◆ Given records ◆
|---|

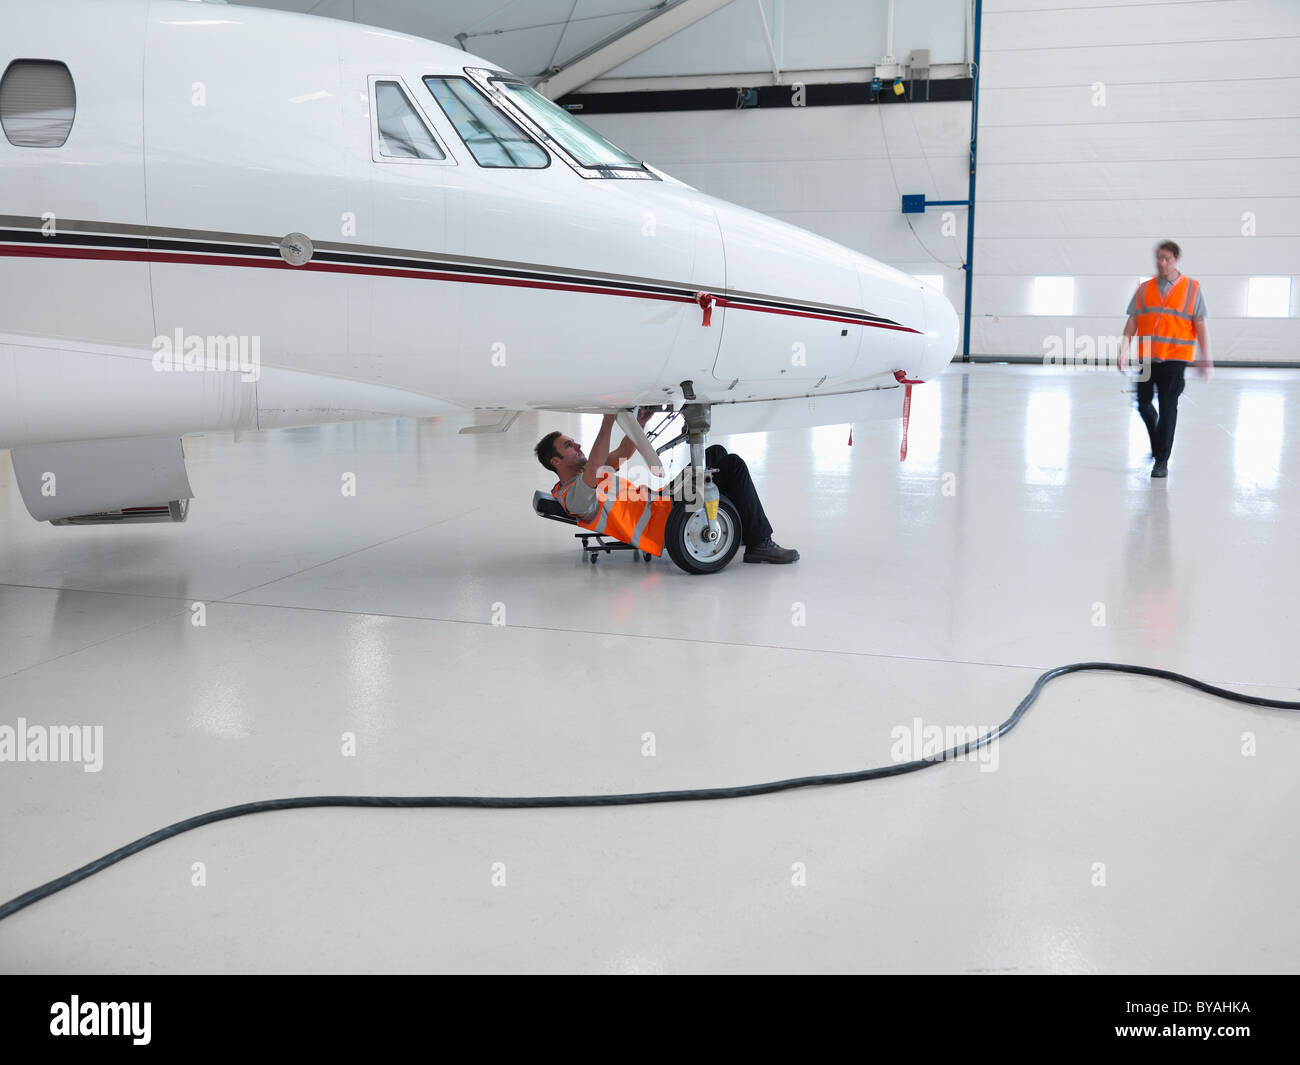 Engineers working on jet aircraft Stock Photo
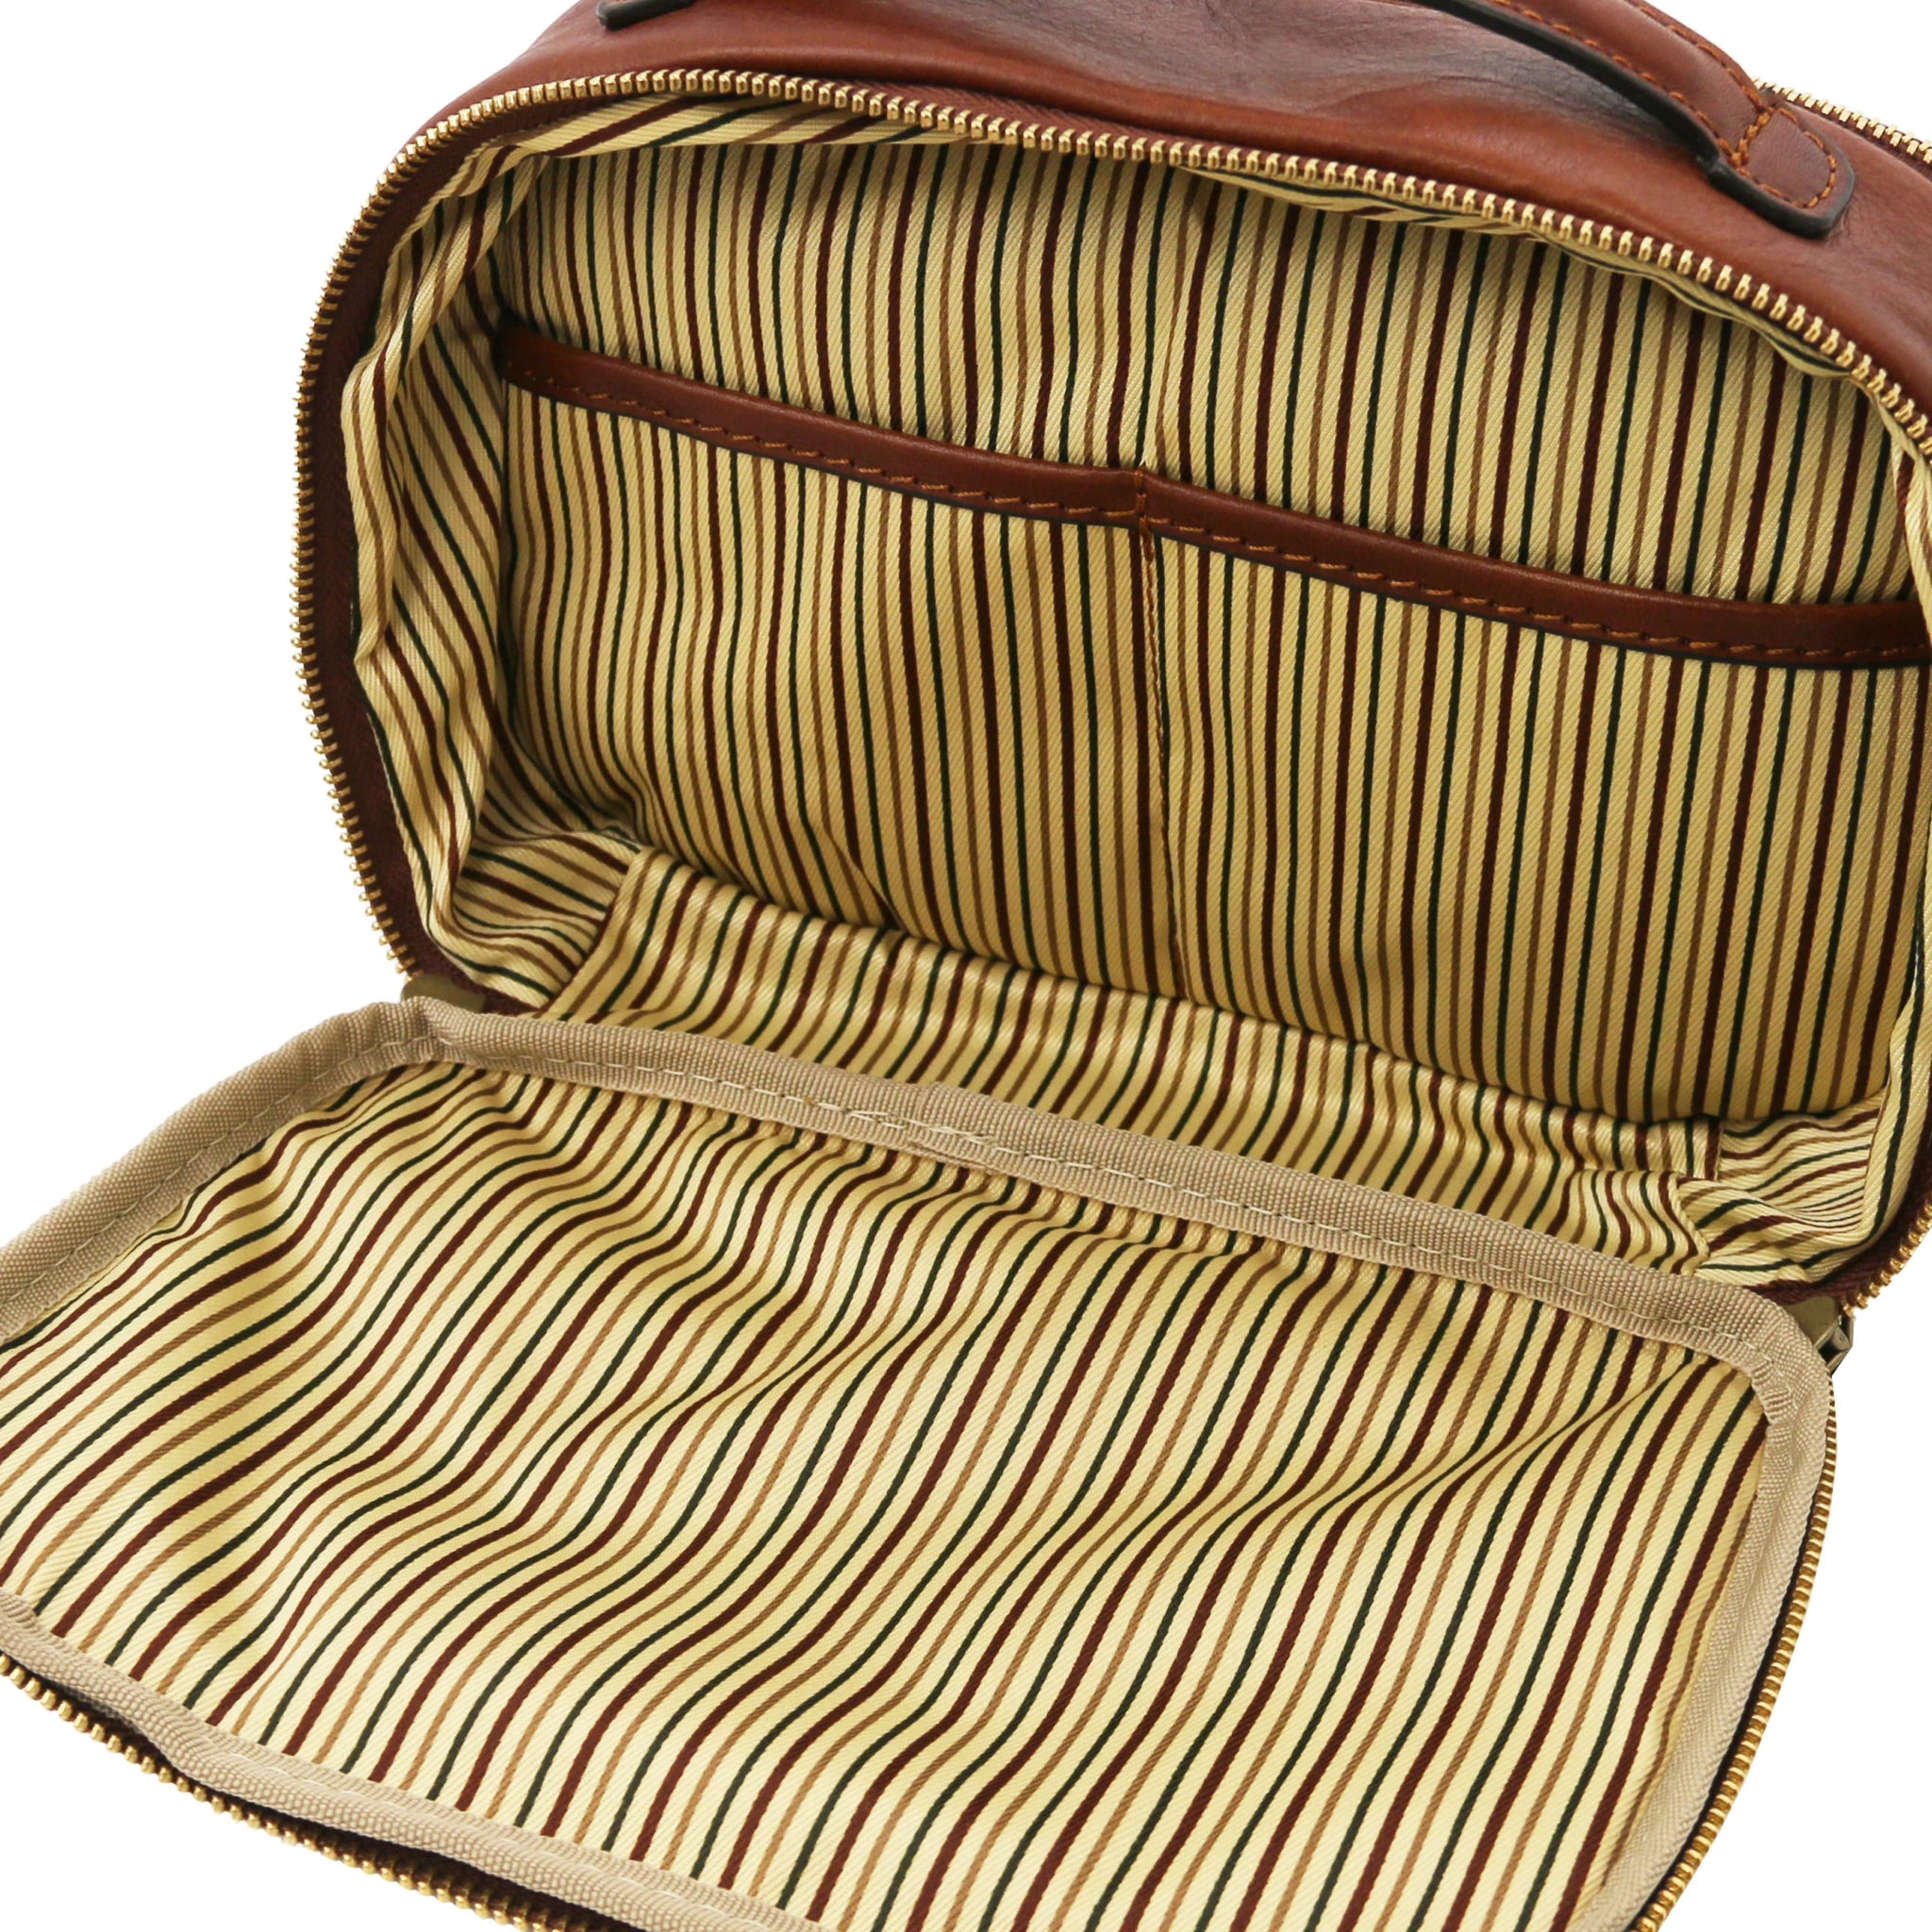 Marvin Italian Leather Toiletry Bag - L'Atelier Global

|---|

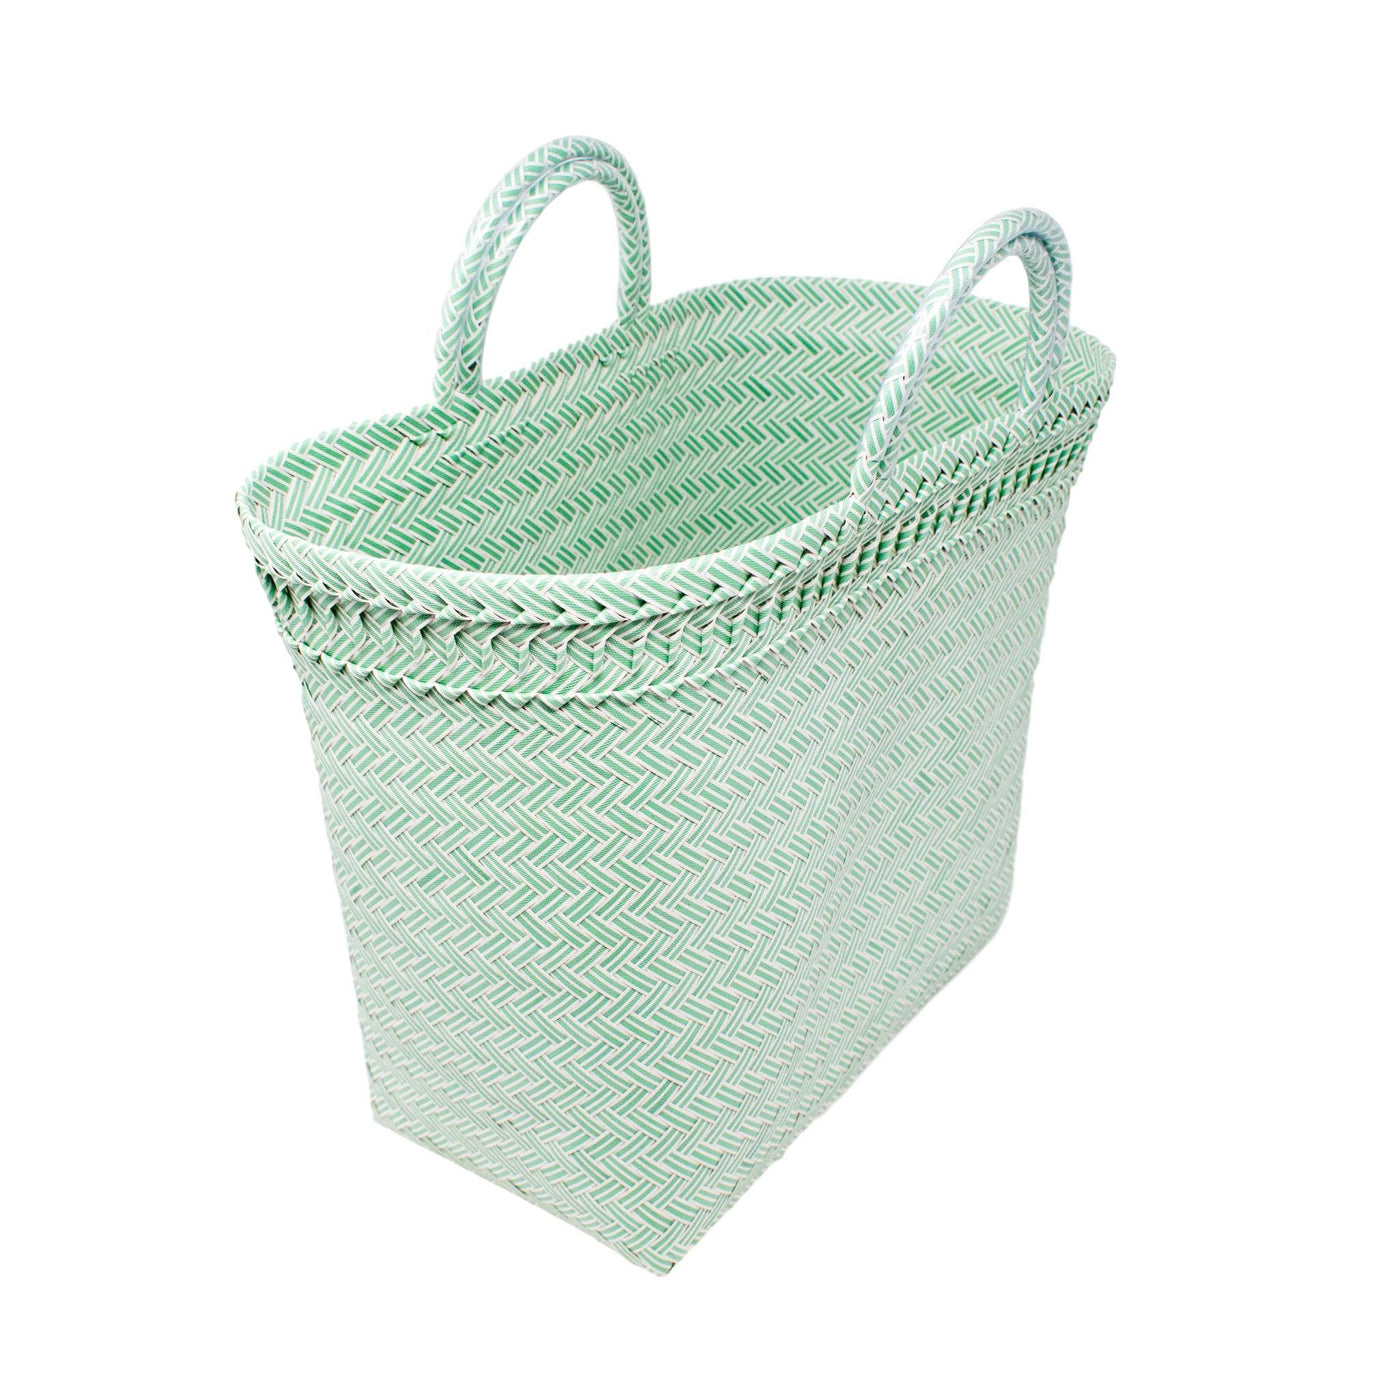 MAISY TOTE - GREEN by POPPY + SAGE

|---|

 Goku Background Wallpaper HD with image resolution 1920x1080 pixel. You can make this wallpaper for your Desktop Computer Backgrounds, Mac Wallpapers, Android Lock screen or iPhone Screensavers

|---|

◆ Exercise ◆
Output exactly the lines above, from the line with "Engineers working on" to the line with "Marvin Italian Leather", both included; skip the pictures.

◆ Completed exercise ◆
 Engineers working on jet aircraft Stock Photo
 Marvin Italian Leather Toiletry Bag - L'Atelier Global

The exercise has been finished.